— Required work —
Before returning the data, strip out the pictures and keep everything else exactly the same.

** Source data follows **

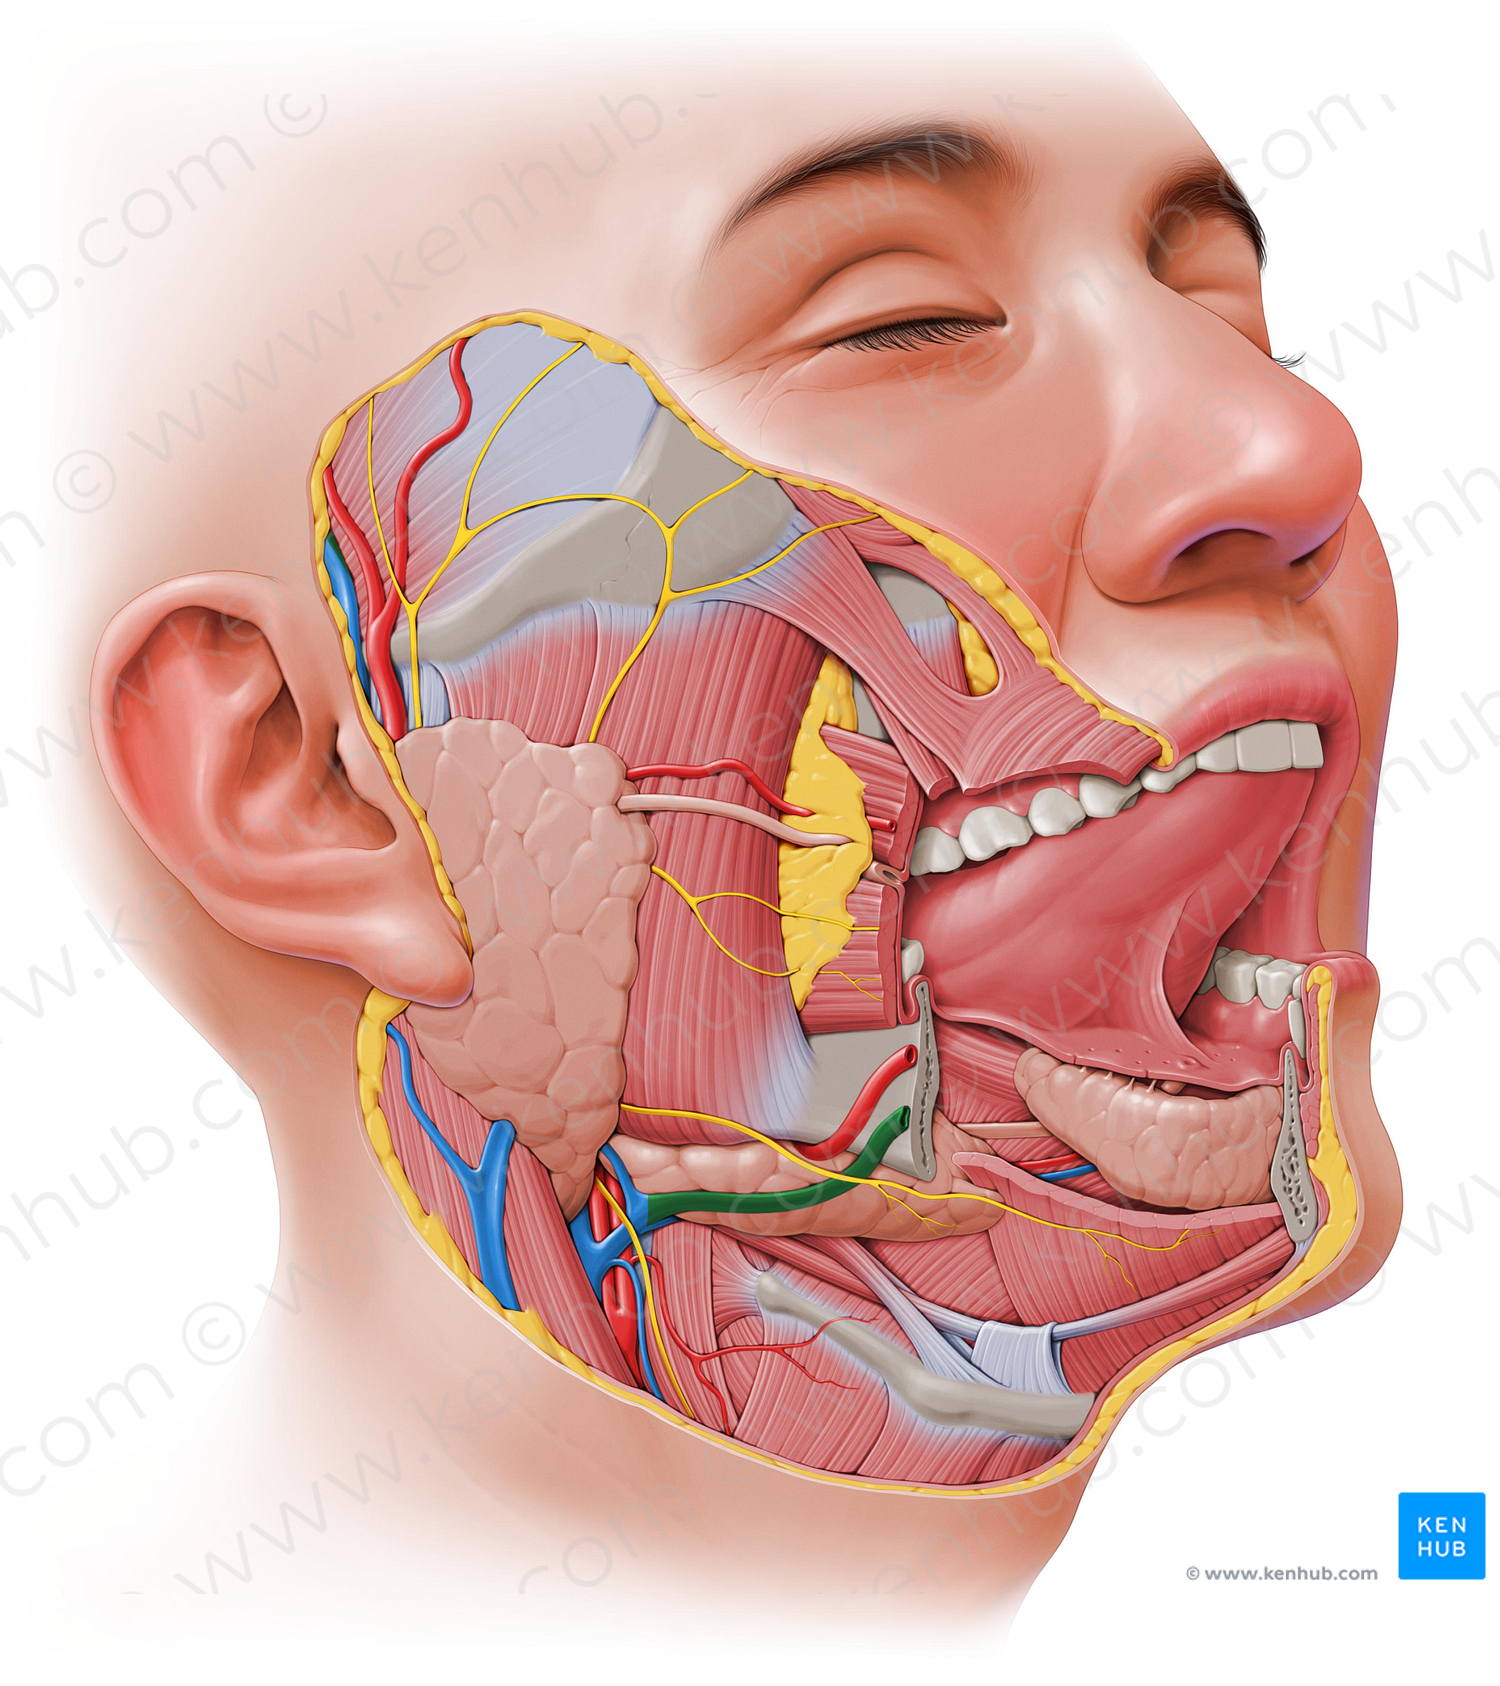 Facial vein (#10231)
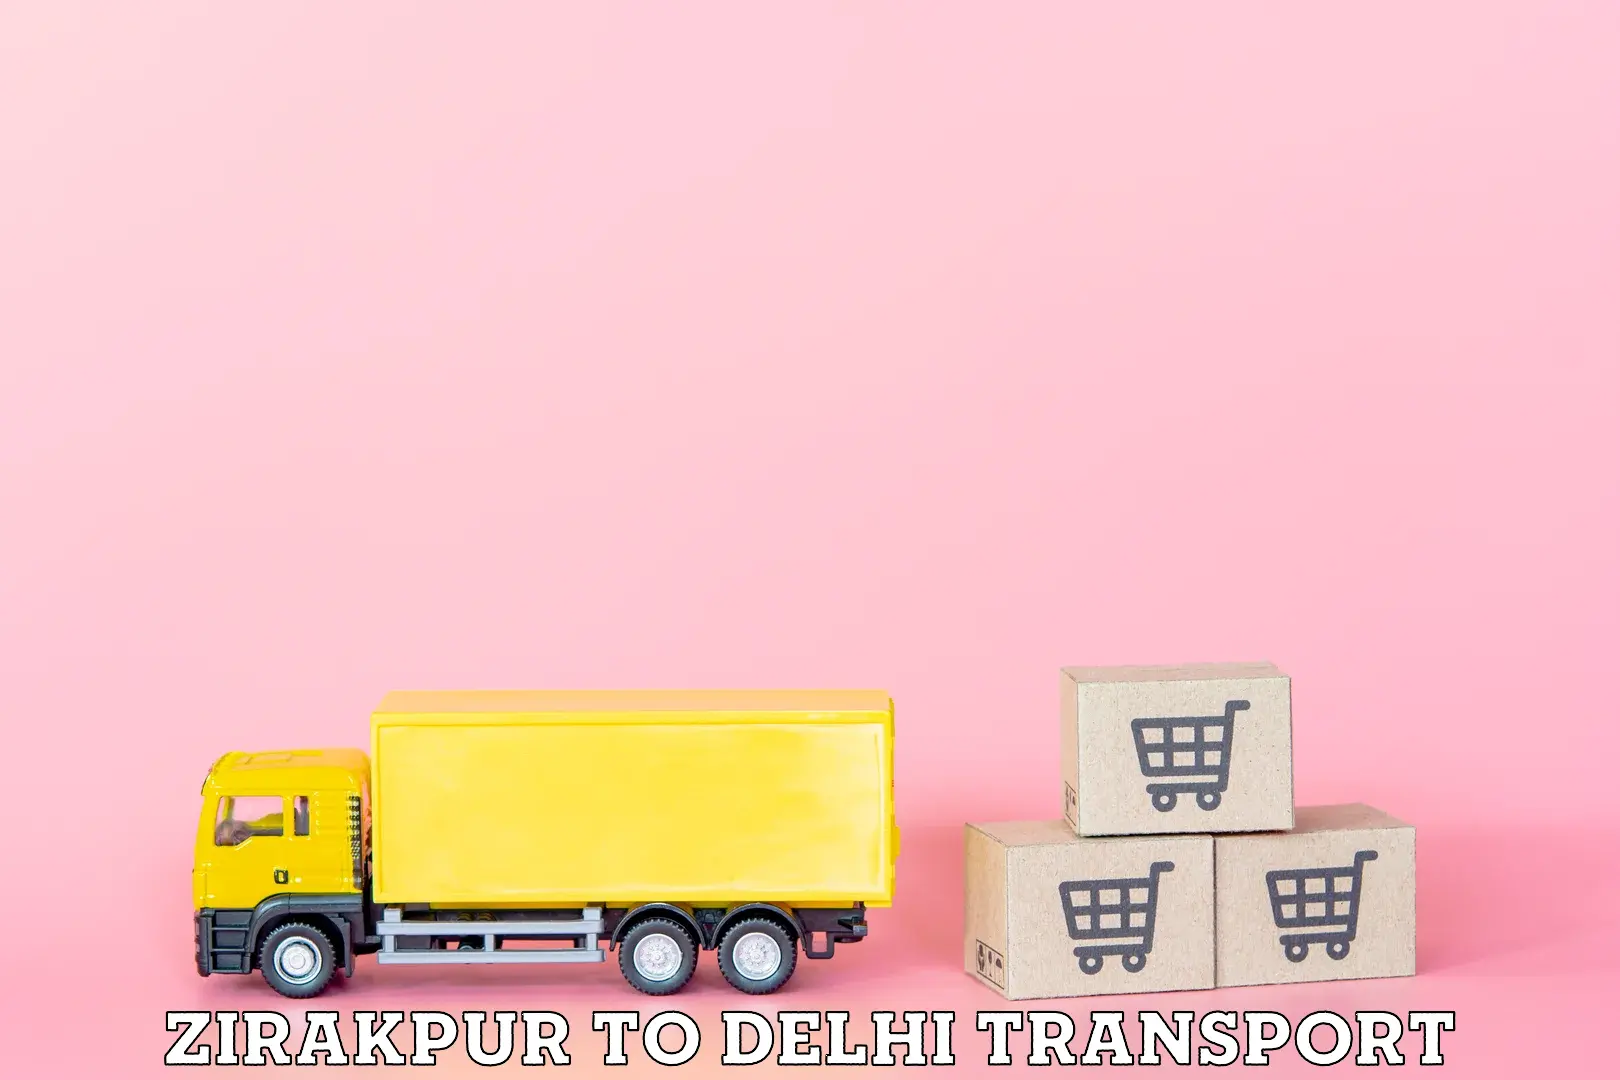 Express transport services Zirakpur to Jamia Millia Islamia New Delhi
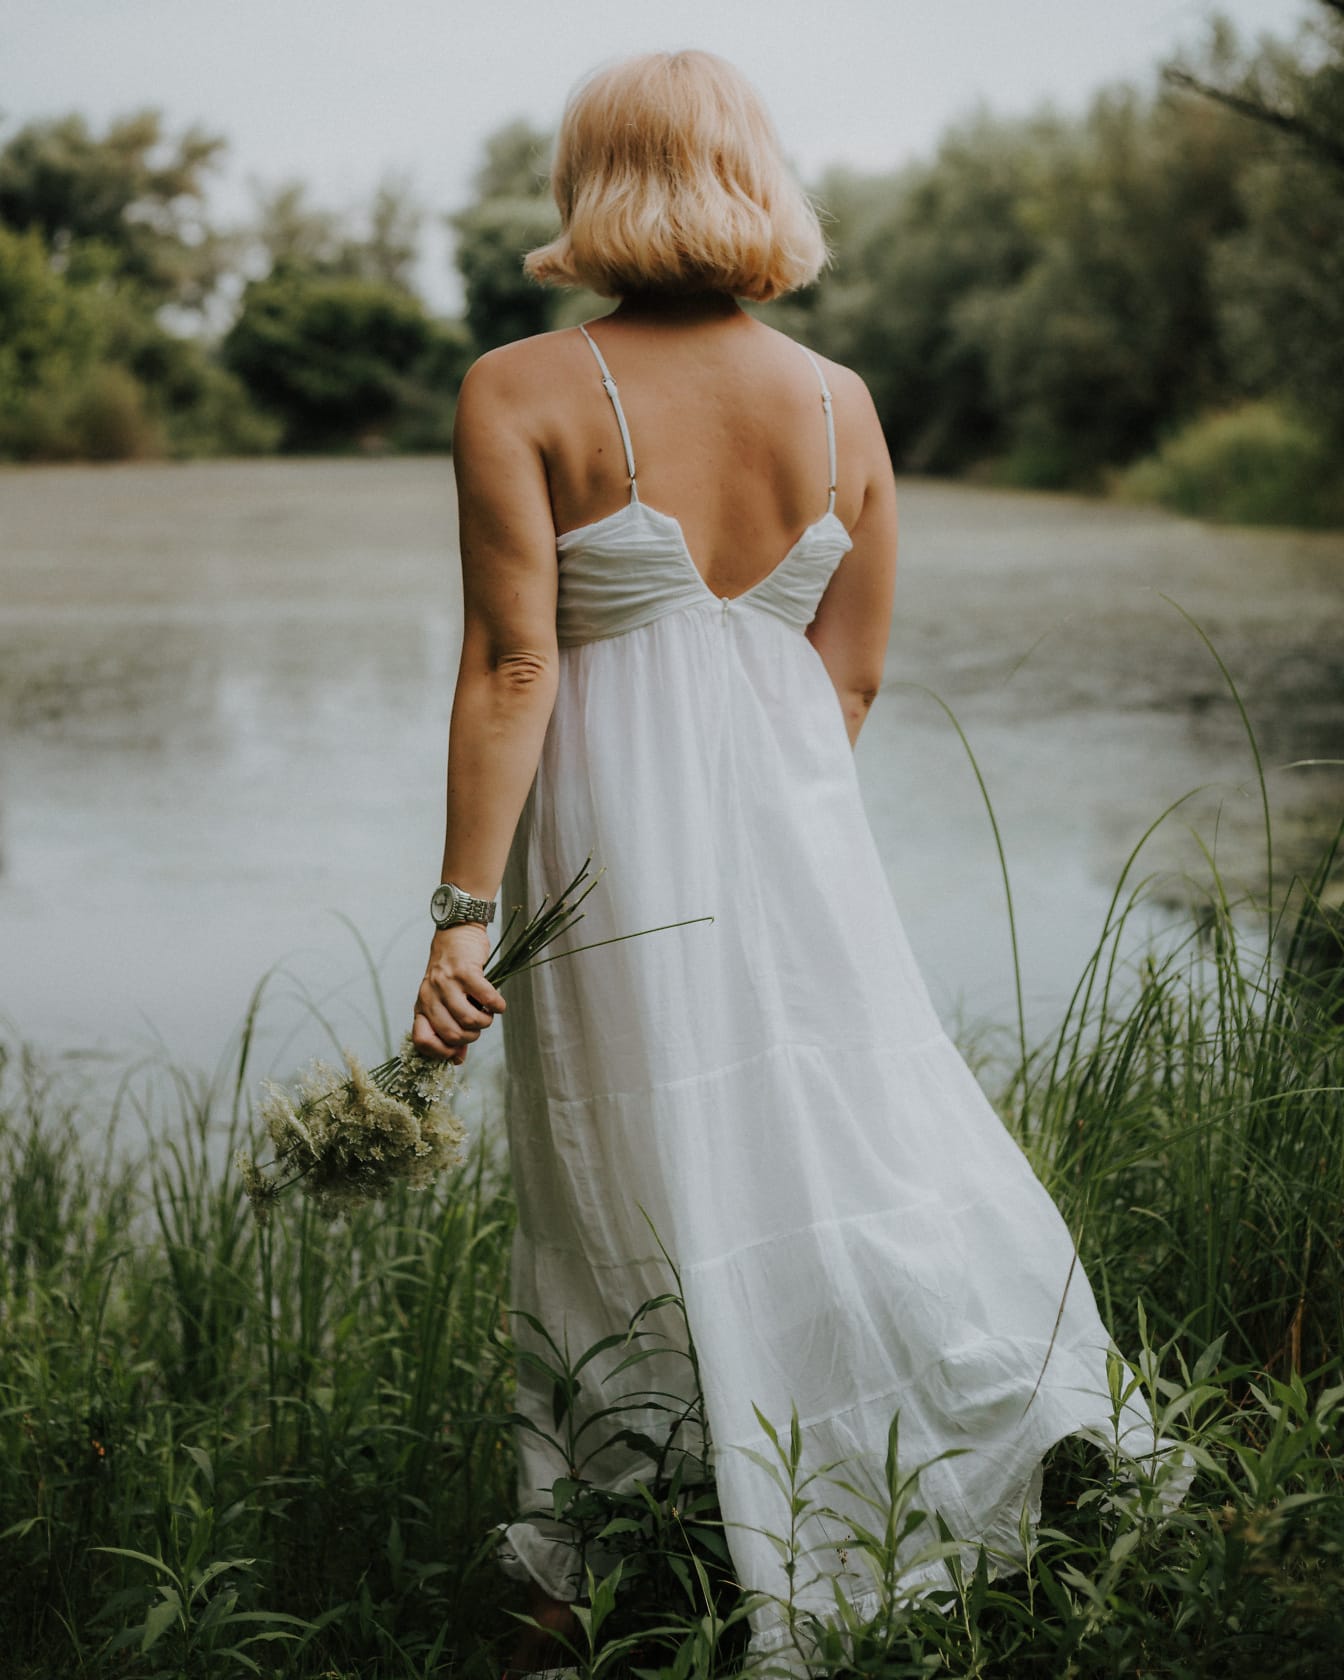 Κλασικό παλιομοδίτικο εξώπλατο λευκό φόρεμα σε ξανθό φωτογραφικό μοντέλο
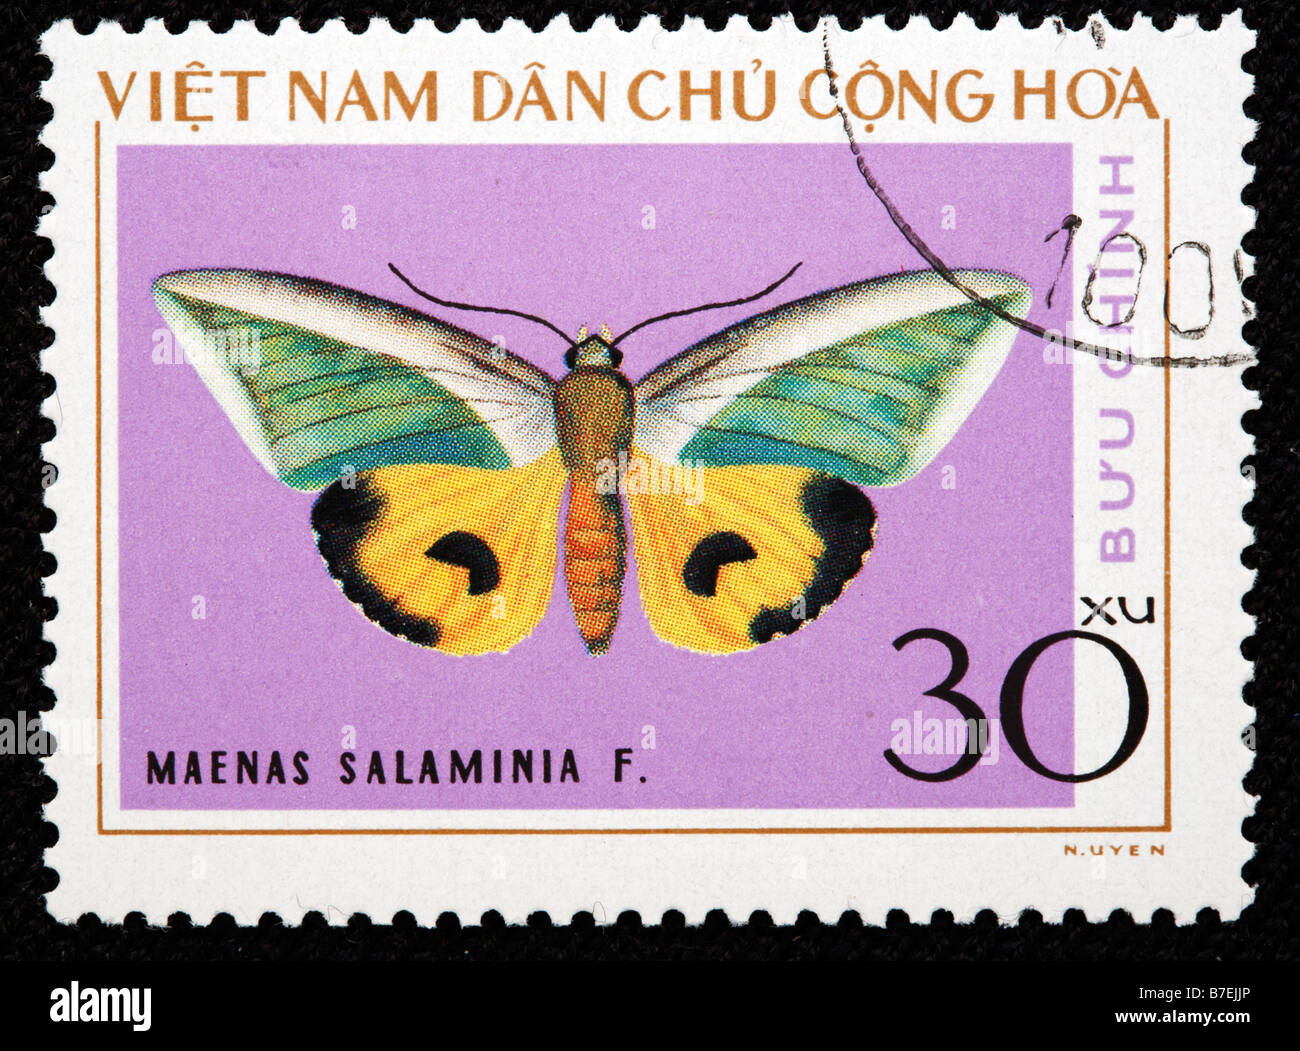 Maenas salaminia, papillon, timbre-poste, Vietnam, 1976 Banque D'Images

** End of Source data **

— Solution for this exercise —
 Facial vein (#10231)
 Express transport services Zirakpur to Jamia Millia Islamia New Delhi
 Κλασικό παλιομοδίτικο εξώπλατο λευκό φόρεμα σε ξανθό φωτογραφικό μοντέλο
 Maenas salaminia, papillon, timbre-poste, Vietnam, 1976 Banque D'Images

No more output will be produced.